▶ What to produce: This exercise calls for an exact copy of the listing, with no pictures kept.

▶ Collected material:

****************************************

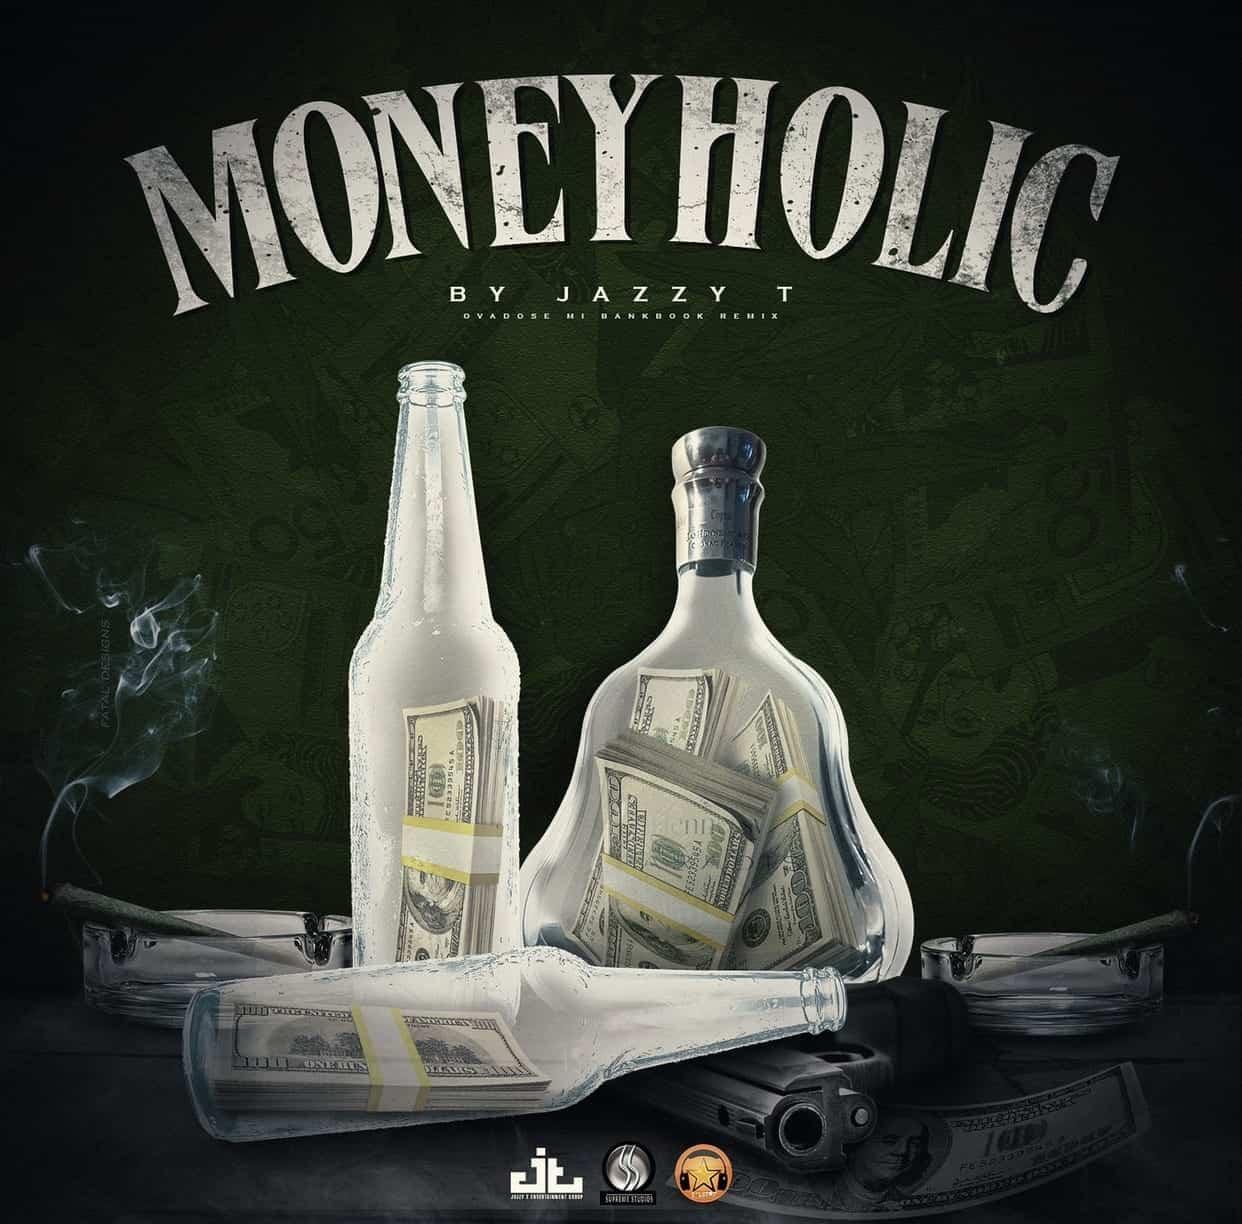 Moneyholic Feat. Rane Son & Vybz Kartel - By Jazzy T - DJ pack
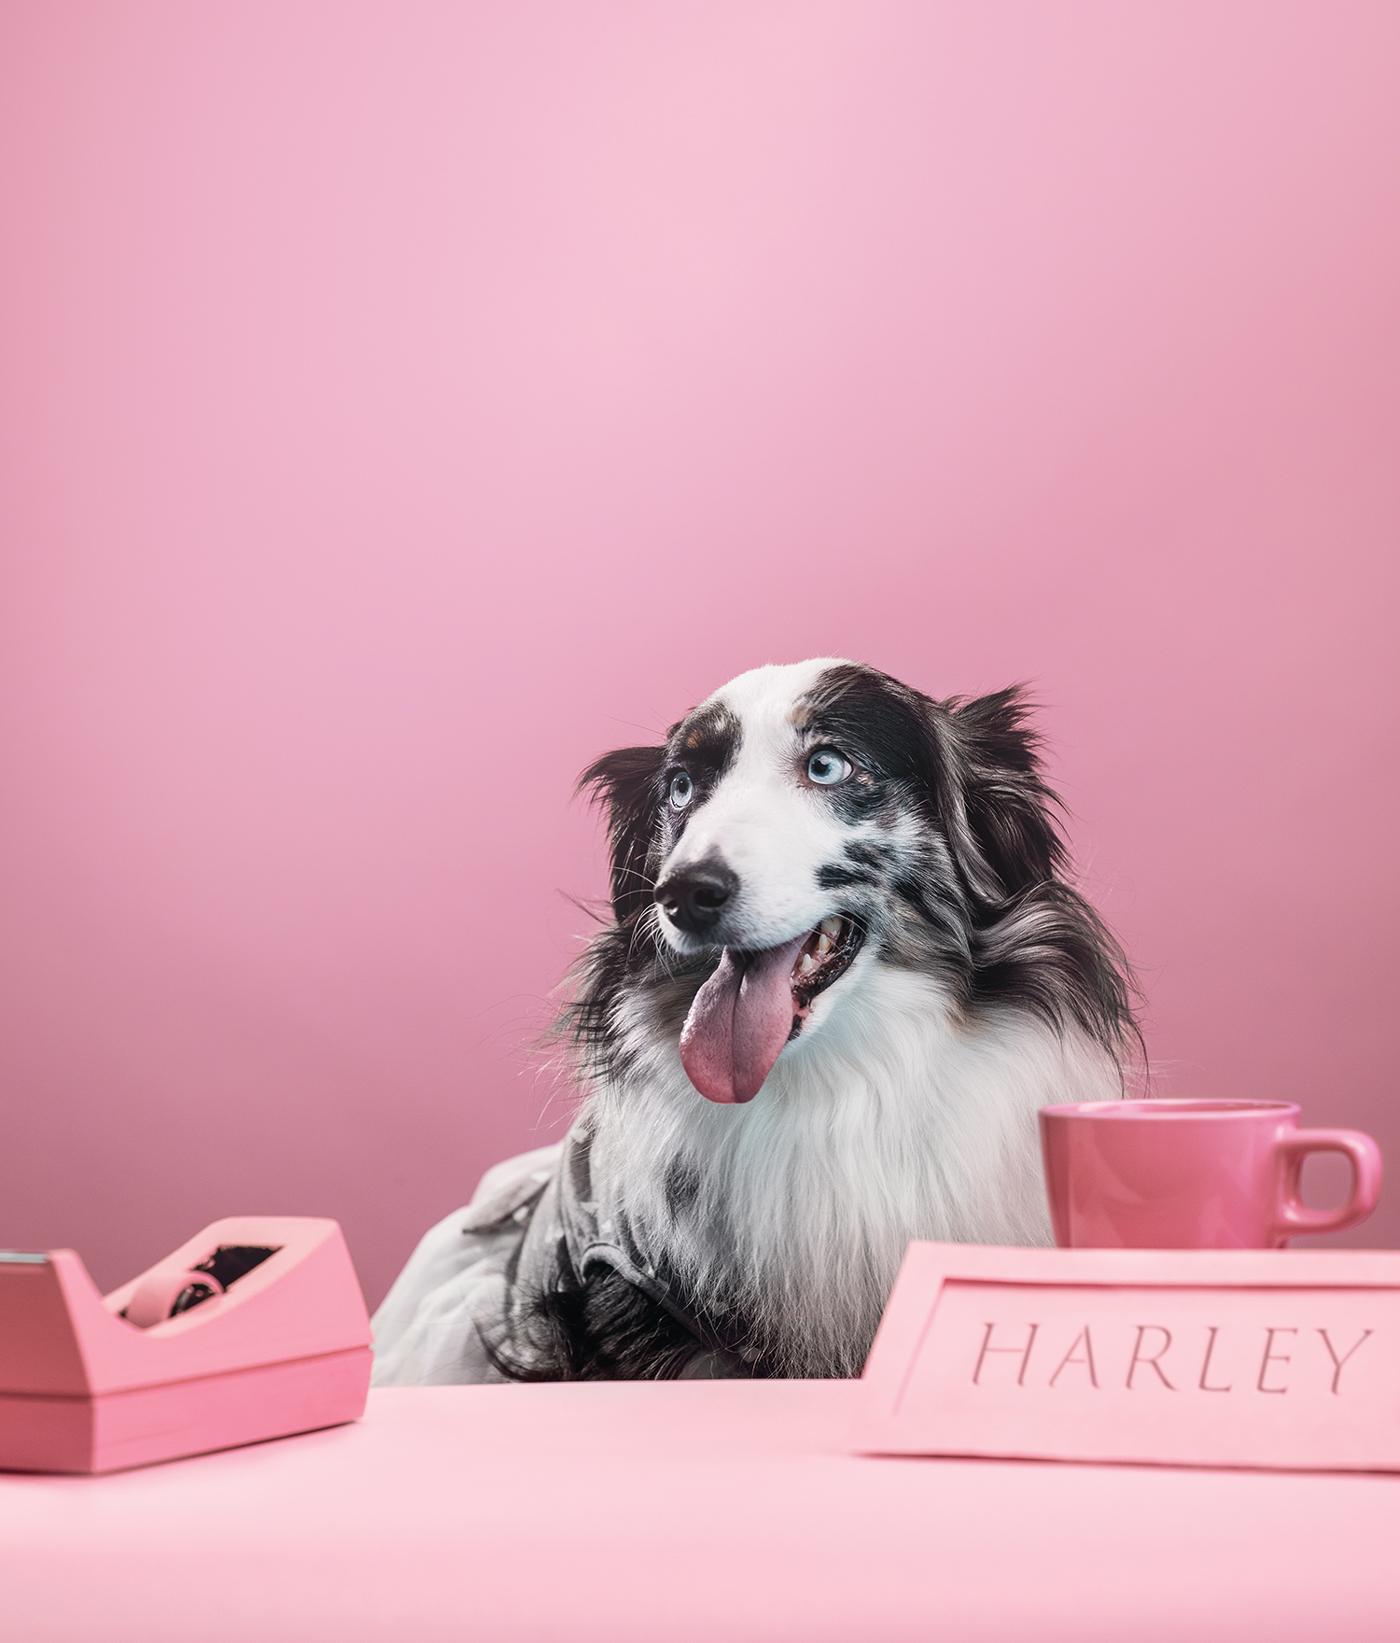 Dogs_Harley.jpg
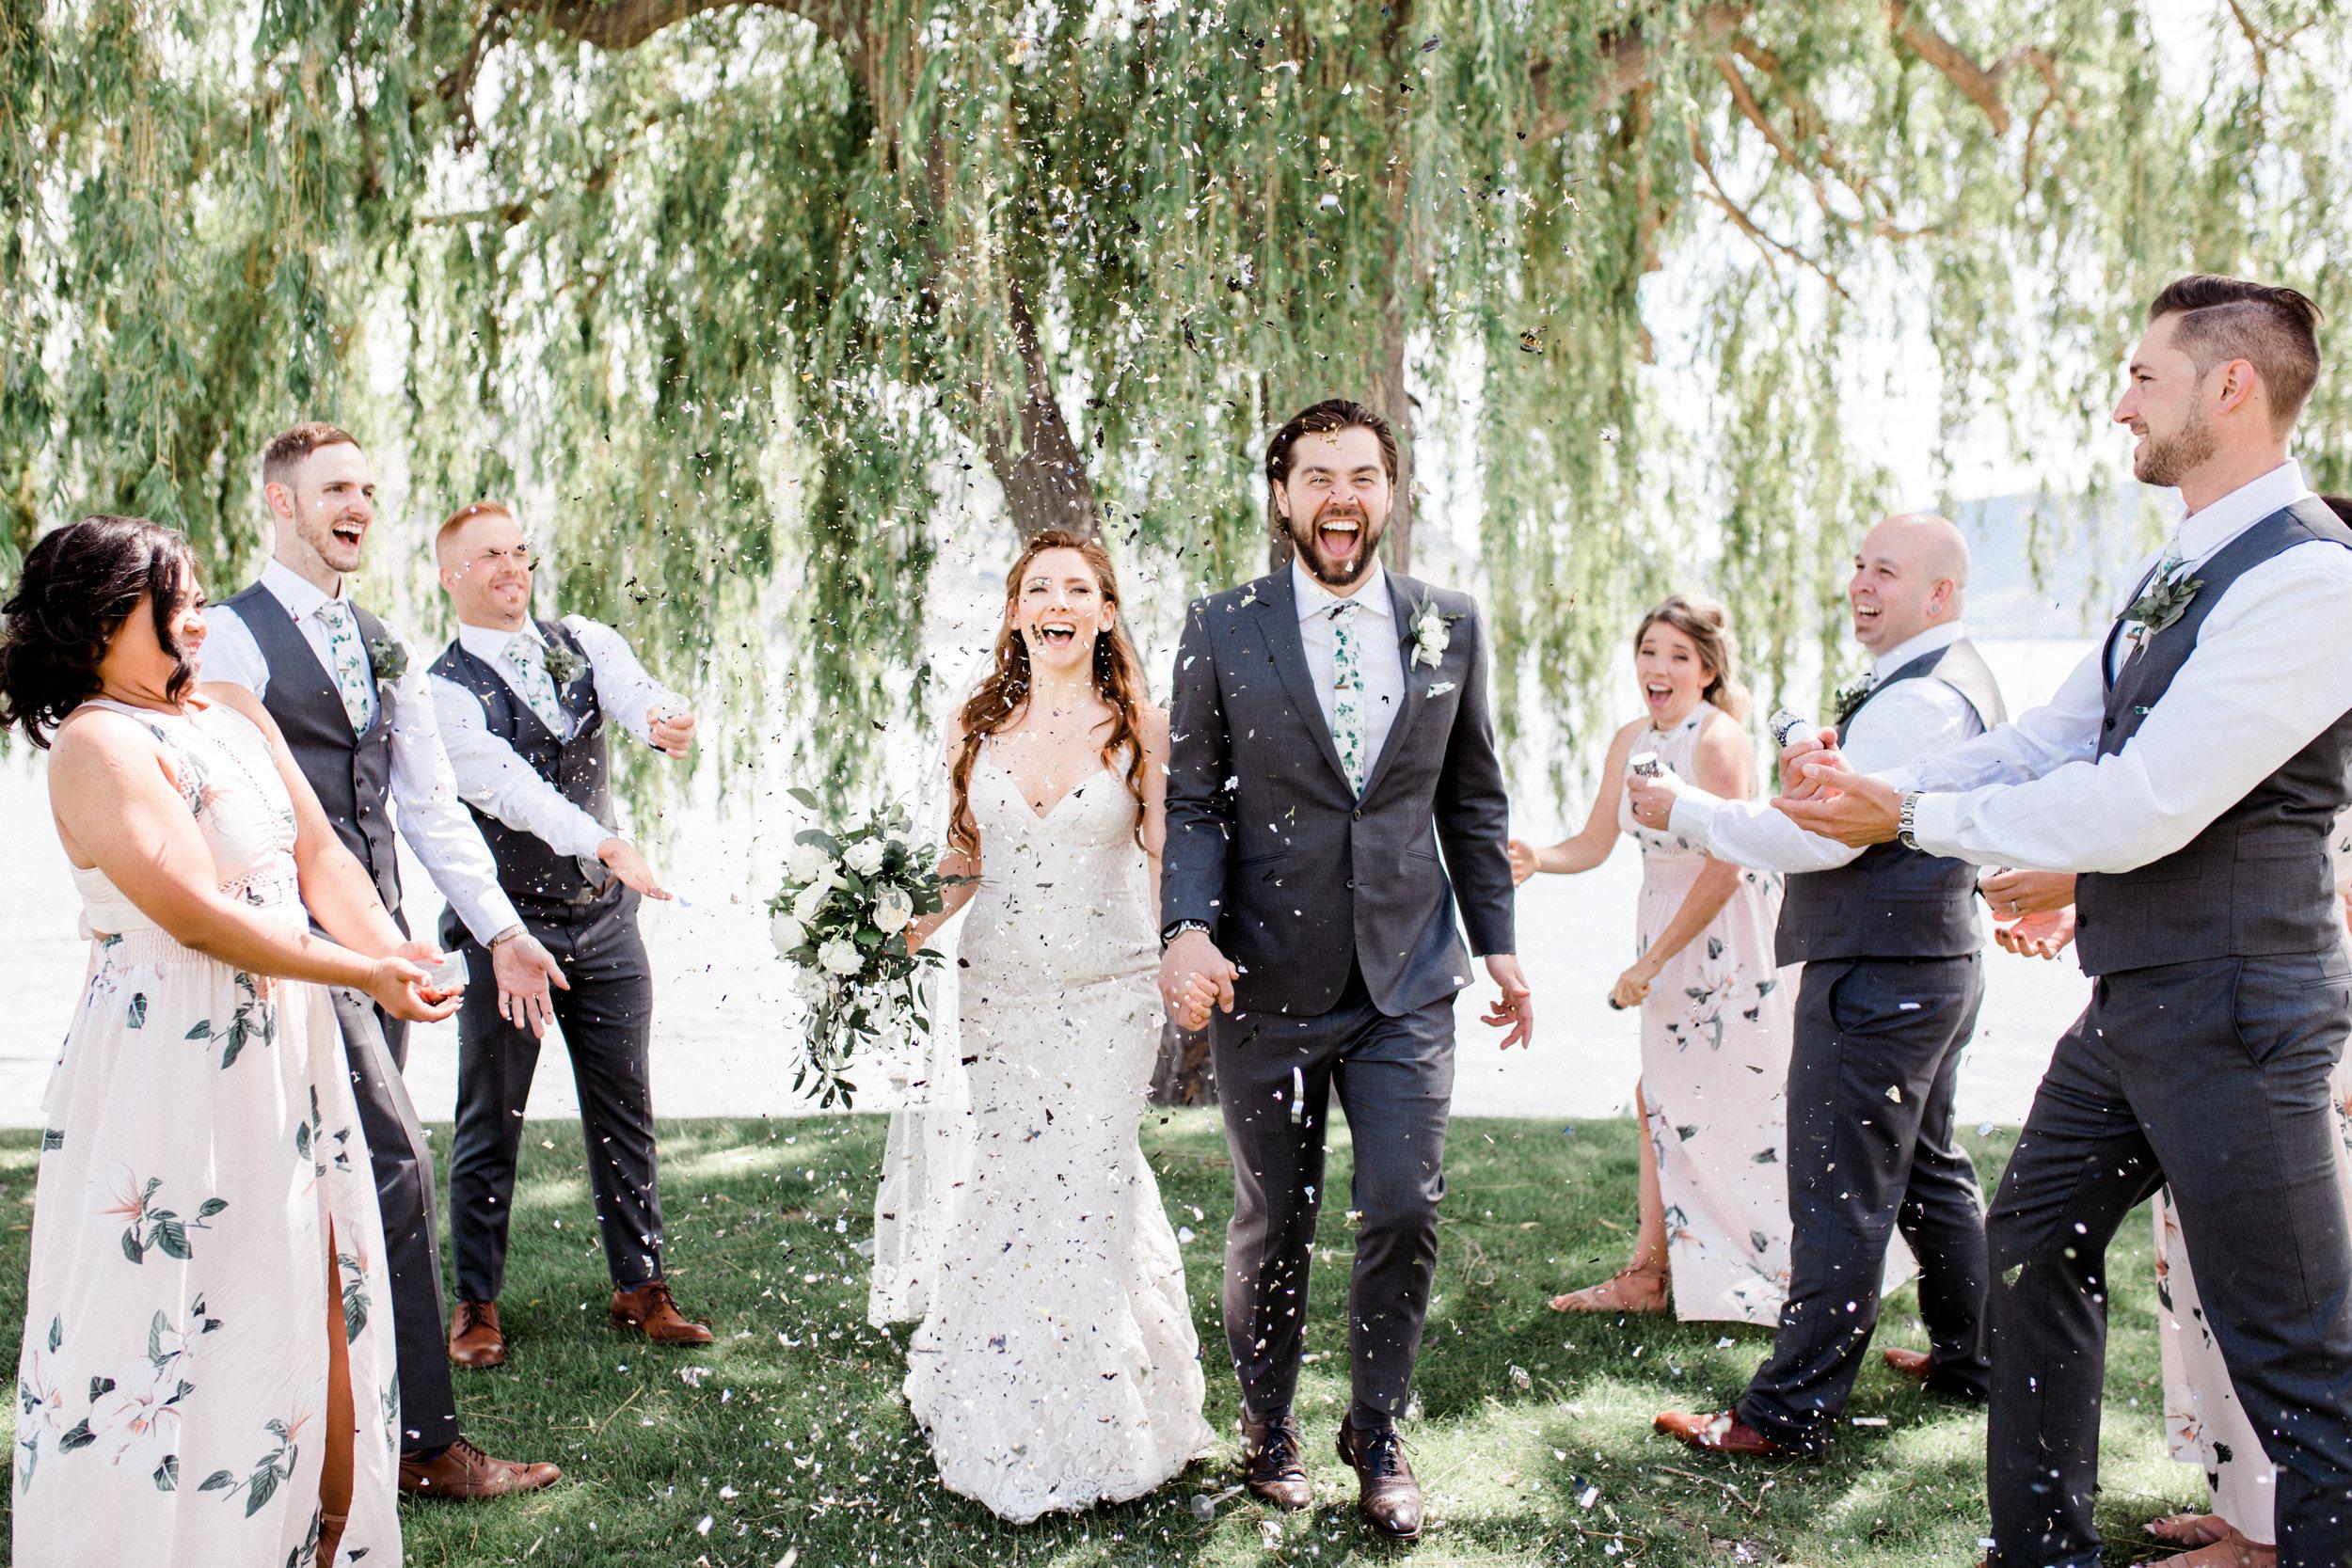 rachel-curtis-wedding-ivyandrosephoto-187.jpg

****************************************

▶ Exercise answer:
 Moneyholic Feat. Rane Son & Vybz Kartel - By Jazzy T - DJ pack
 Dogs_Harley.jpg
 rachel-curtis-wedding-ivyandrosephoto-187.jpg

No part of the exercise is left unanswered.